The Todhunter girls, with Miss Dickerman and Miss Goodwin, went with me to the airmail post-office, temporarily set up on Pennsylvania Avenue between 14th and 15th Streets. There is a large sleeper plane cozily parked beside the post-office. How they ever got it there is a marvel to me. I imagine many people will examine the berths food, service and the like, during this week.
I was presented with a large sheet of stamps. Mr. Vincent Burke, the Postmaster for the District of Columbia, seemed to think it was appropriate for me to receive them, but I know better. If they are not turned over to my husband, I am sure I will soon hear about it! Collectors never seem to have enough of whatever they collect and I really think one should be thankful when it is stamps, because they take up comparatively little space.
We were shown a model of one of the early airmail transports with a little open cockpit and one propeller. This industry has certainly made marvelous strides since those early days.
The Todhunter girls left for New York City in the afternoon and at 5:00 o'clock I received the ladies of the Texas Garden Clubs, who have been touring this vicinity. They brought with them Senator Alberto Salinas Carranza of Mexico, who came to extend a personal invitation to me to accompany the Garden Club to Mexico. Next year's annual meeting of the Garden Clubs of America is to be held in Arkansas, I believe, and they are planning on this trip to Mexico as a side trip.

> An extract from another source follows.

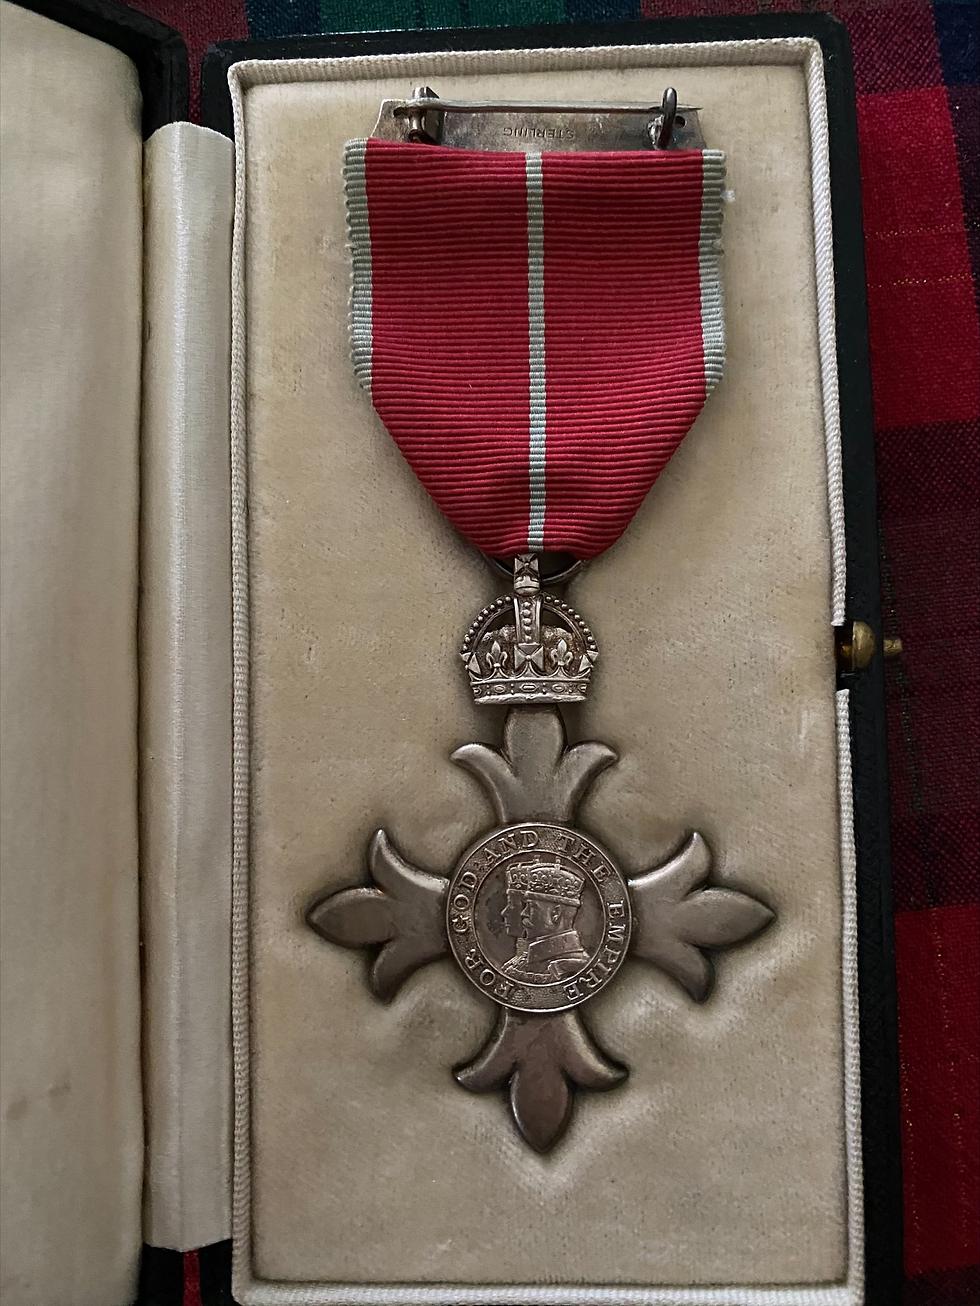 Tenacity MBE medal

In a very charming speech they explained they could bring me none of their flowers so, instead, they brought me a cake decorated with flowers made in varied colored icing made by one of their members. It is quite the most intricate and beautiful frosting I have ever seen. I kept it for supper when the President returned from his very wet two days on the boat, and put it in front of him so he could enjoy it before cutting it. I did not feel that anyone had any right to destroy so much work, but we couldn't keep it and it tasted very good.
Among other people, Mrs. J. Borden Harriman, Minister to Norway, had supper with us last night. I have never seen anyone more enthusiastic than she is about her experiences there. The ladies who have been envoys to Scandinavian countries seem to find them sympathetic. She has made a study of homecraft work which is extremely interesting and I think will be valuable to us in some of the efforts we are making to develop craft work in the rural homes of this country.
I left early this morning. While it was windy and very cool for this time of the year, it was nice to see the sun sparkling on the Potomac River.